Friday, September 4, 2015

A Not-So-Nice Example of the Locked Room Mystery

"Top It Off With Death."
By Basil Wells (1912-2003).
First appearance: Ten Detective Aces, June 1946.
Short short short story (4 pages).
Reprinted at Pulpgen HERE.
"A killing in a locked room is always a puzzle—except to this Sheriff’s impractical brother-in-law."
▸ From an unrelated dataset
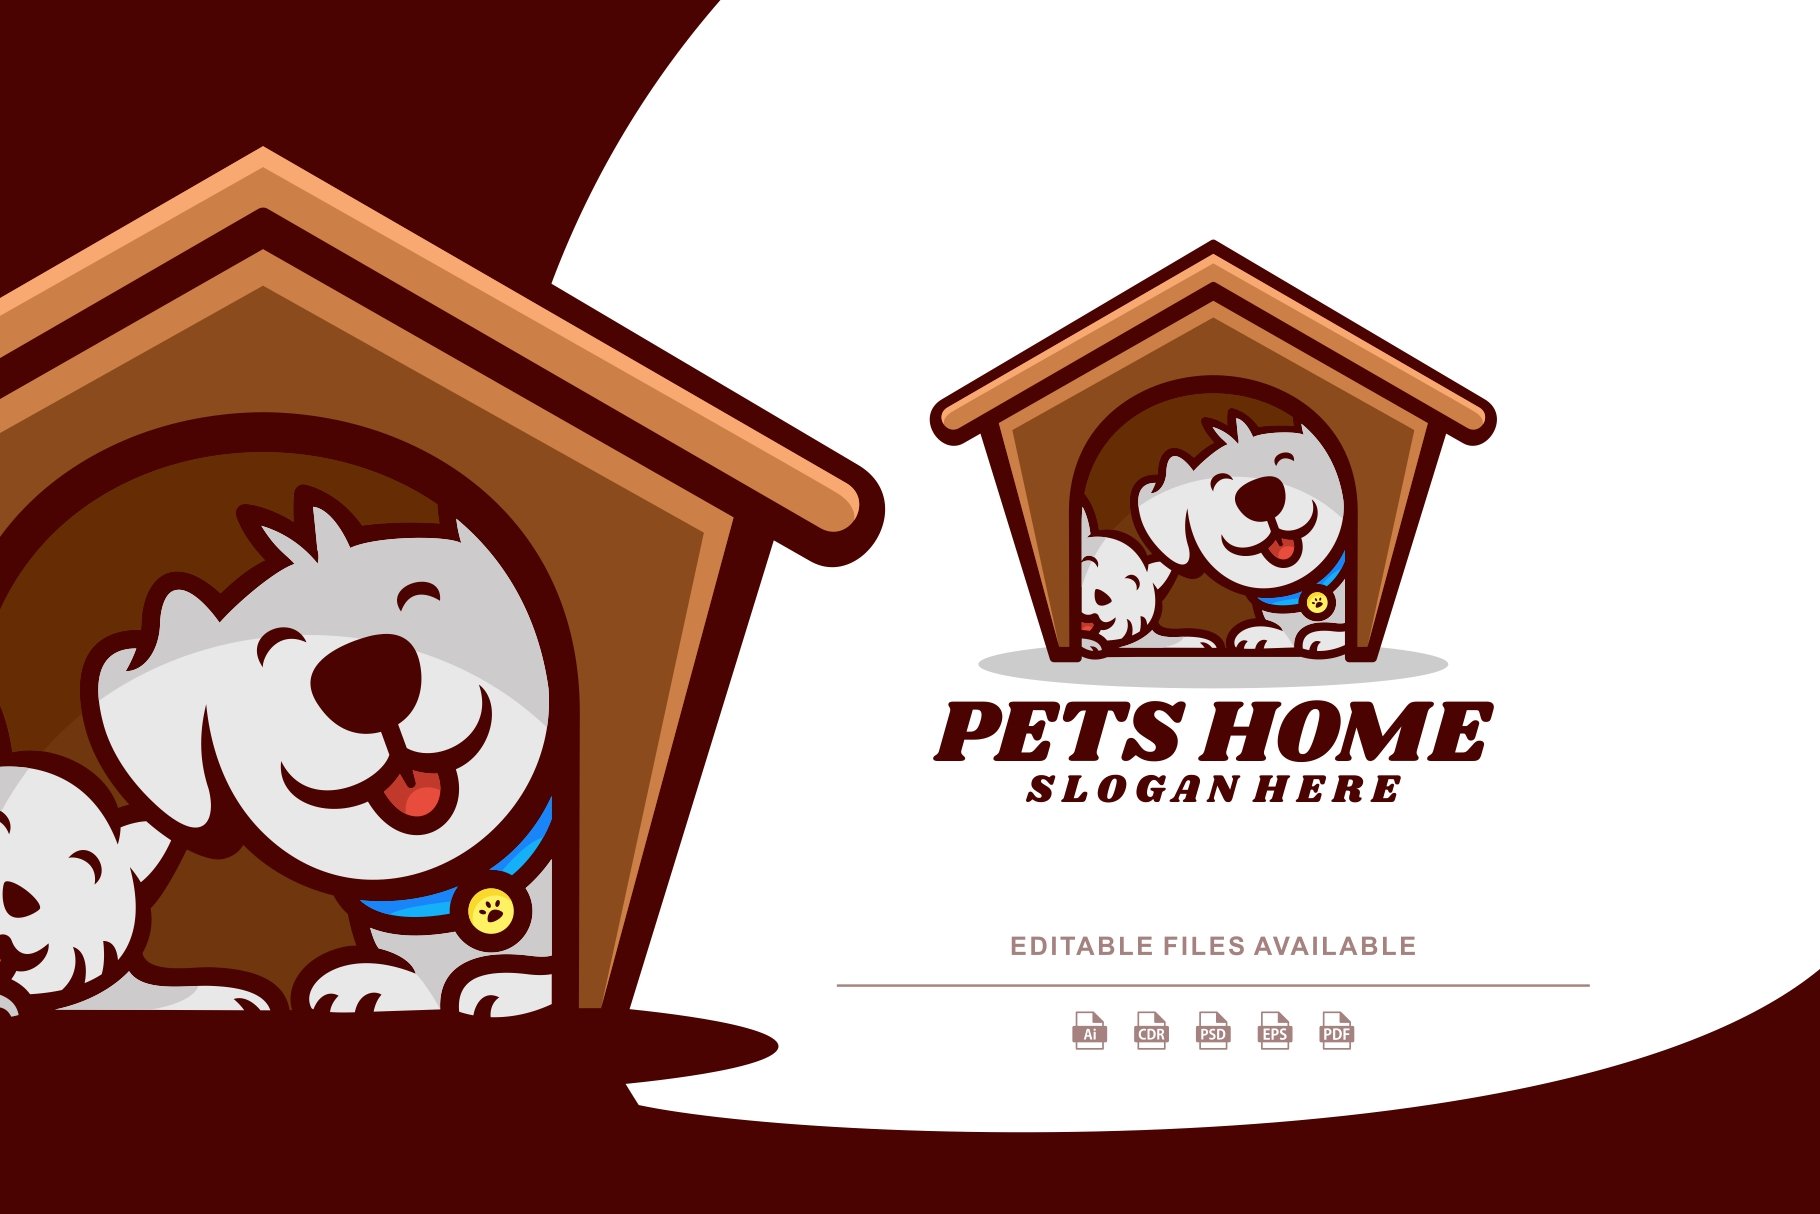 Pets Home Mascot Cartoon Logo cover image.

Some people don't like being on the outside of a sweet deal and choose to shoot their way in:
. . . Three of them had a motive. The Stayn estate must be worth half a million dollars. Leonard and Ida would inherit that. The ten thousand dollar bequest to Mrs. Proctor was another motive. As for the repairman—he had been on the roof.
Resources:
- Basil Wells is known for primarily being an SF and fantasy writer, a fact confirmed in this passage from Richard A. Lupoff's introduction to The Basil Wells Omnibus (HERE) compiled by Ramble House: "Over a span of fifty-eight years Basil Wells published no fewer than 71 science fiction stories, but that was only one aspect of his work. Basil Wells fan Richard Simms has compiled an extensive Wells bibliography, listing stories published in non-science-fiction magazines including Crack Detective Stories, Ten Detective Aces, Mike Shayne’s Mystery Magazine, Double-Action Western, Thrilling Western, and even one called Blazing Armadillo Stories."
- Wikipedia has a stubby entry on Wells HERE, and there's a tribute site to him HERE; some of his output is listed HERE.